Part of the problem is that having a dinner meeting is an example where we have a good understanding of the landscape already. The moving pieces are at our fingertips. This is usually not so much the case when building software. Yep – it turns out this is hard. You have to be willing to tease out an understanding of the landscape with the stakeholder. That takes time and energy that we frequently have not budgeted for in the planning process. Without a forcing function it’s easy to push past this as “stuff we’ll sort out later”. A forcing function (getting paid) makes it unacceptably risky to “sort it out later”.
But wait, isn’t Agile all about going back and forth with the stakeholder and working out those details as they emerge so we have better information to work with? Absolutely. But in practice there is a limit to how tight you make that feedback loop. Somewhere between having the stakeholder (or stakeholder proxy) sitting next to you while you write code and having a 30-minute meeting with the stakeholder once a month (neither of which is desirable) is the reality we will live in. How many blind alleys do you want to go down, and how far, before you have a chance to check your assumptions?
So where is the balance point? There is a concept of deferring resolution to the last responsible moment. You keep harvesting information until it would be irresponsible to further delay making a decision about how to proceed. But there is always a considerable amount of information that will yield readily in a reasonable amount of quality time with the stakeholder. It is irresponsible to delay harvesting that information when it is there for the asking up front. It can be used to generate better DODs and inform the path forward. Make it clear to the stakeholder that you cannot responsibly proceed until they have invested that quality time. When you have their ear, don’t waste their time – make it count. The improved DODs will pay for themselves. To summarize, front-load the discovery effort to the extent that the landscape can be readily exposed in reasonable blocks of time with the stakeholder. Will there be risks that need to be investigated in more depth before resolving some decisions? Certainly. That’s why we iterate.
If you are a programmer, perhaps you are wondering – isn’t writing DODs someone else’s job? Perhaps. But go back to the thought experiment – do you really want to be a passive receptacle? This does no one any good. Take an active role in shaping the story to improve your chances of delivering something that delights.
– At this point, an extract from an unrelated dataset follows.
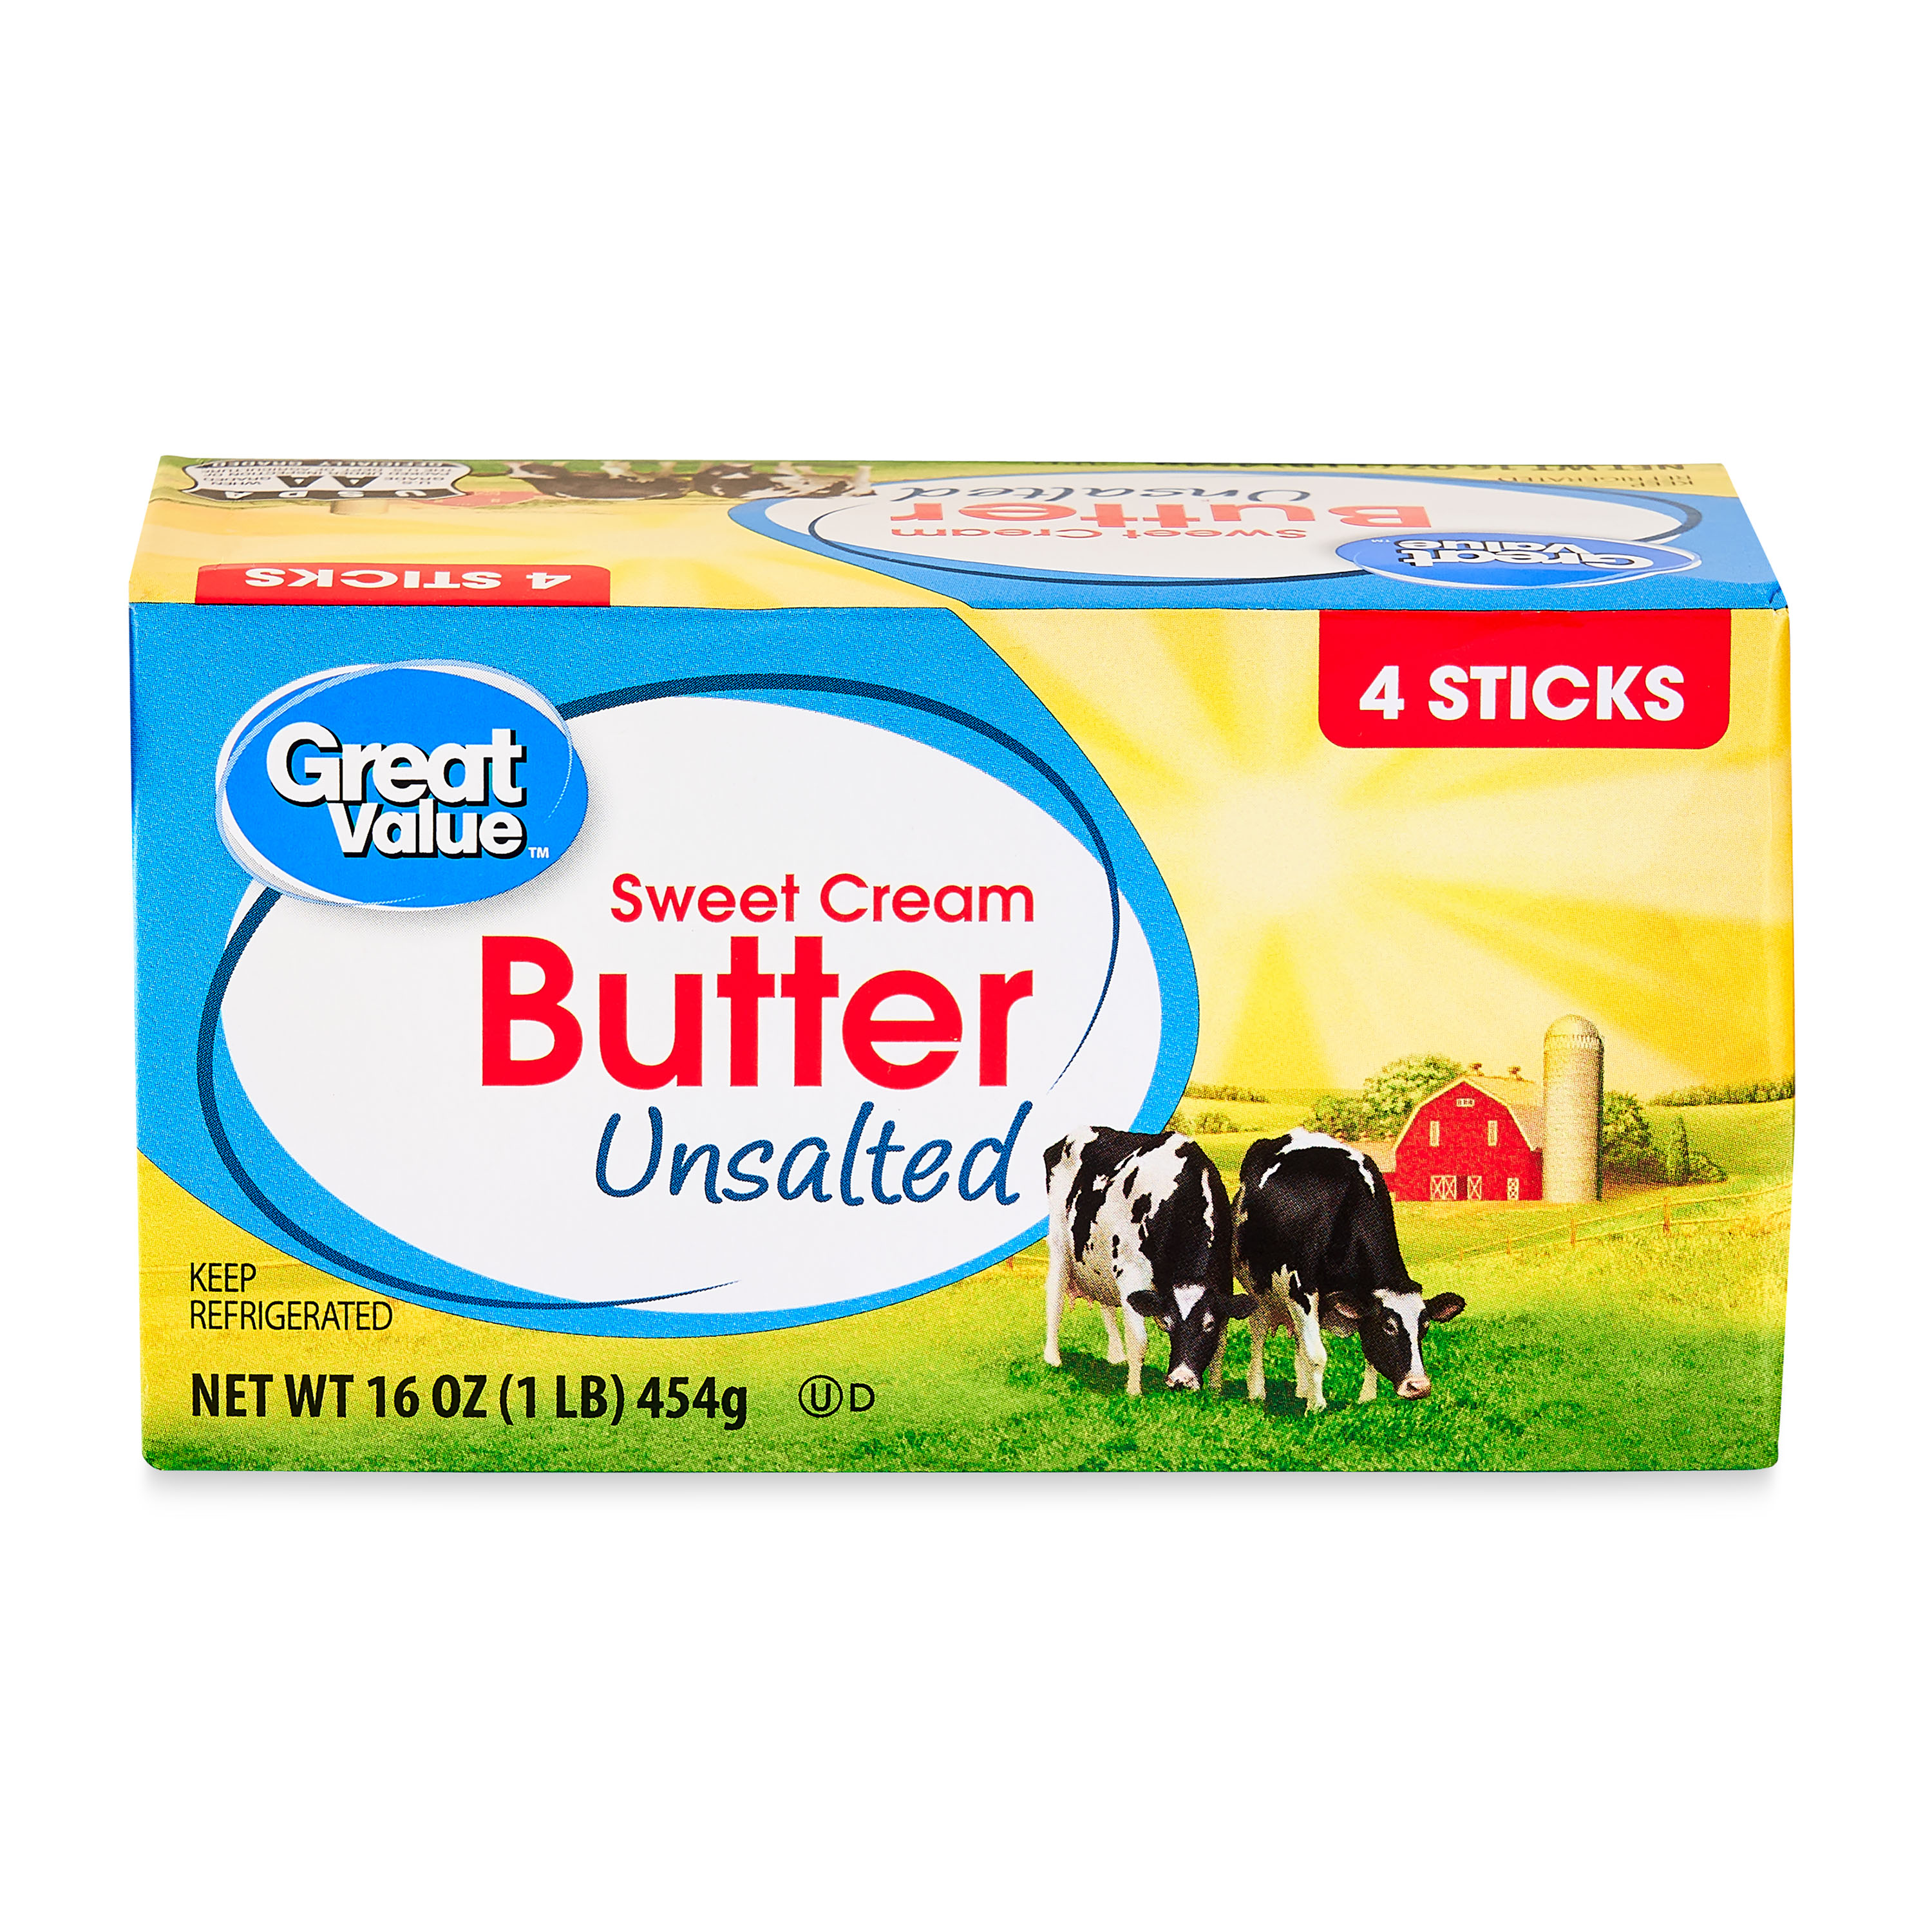 Great Value Sweet Cream Unsalted Butter Sticks, 4 Count,16 oz - image 1 of 7

About those quality standards – they matter, a lot. But following good practice is table stakes – not DONE Criteria. That needs to be the water you are swimming in. Sure, if your team is struggling with the quality standards it is sometimes helpful to include them in the story… just to make it explicit. But I would suggest that if this is where you find yourself, a better approach would be a mechanism external to the stories themselves (checklists, team working agreements, check-in reviews, etc.). Some things aren’t optional – so don’t burden the DODs with them. And to be brutally honest, the stakeholder may not understand them well enough for them to be part of a meaningful shared understanding. They almost certainly care that the output of the story be operationalized and unapologetically ready for production. They probably expect cars to have wheels. It’s very context dependent, but engineering due diligence requires you to take responsibility for baking some things into the cake. But that’s another story (How To Risk-Manage Your Way Through Almost Anything).
As I indicated at the beginning – no doubt you can find plenty of good guidance out there to help you write DONE Criteria. But your north star is this: Write them like it matters.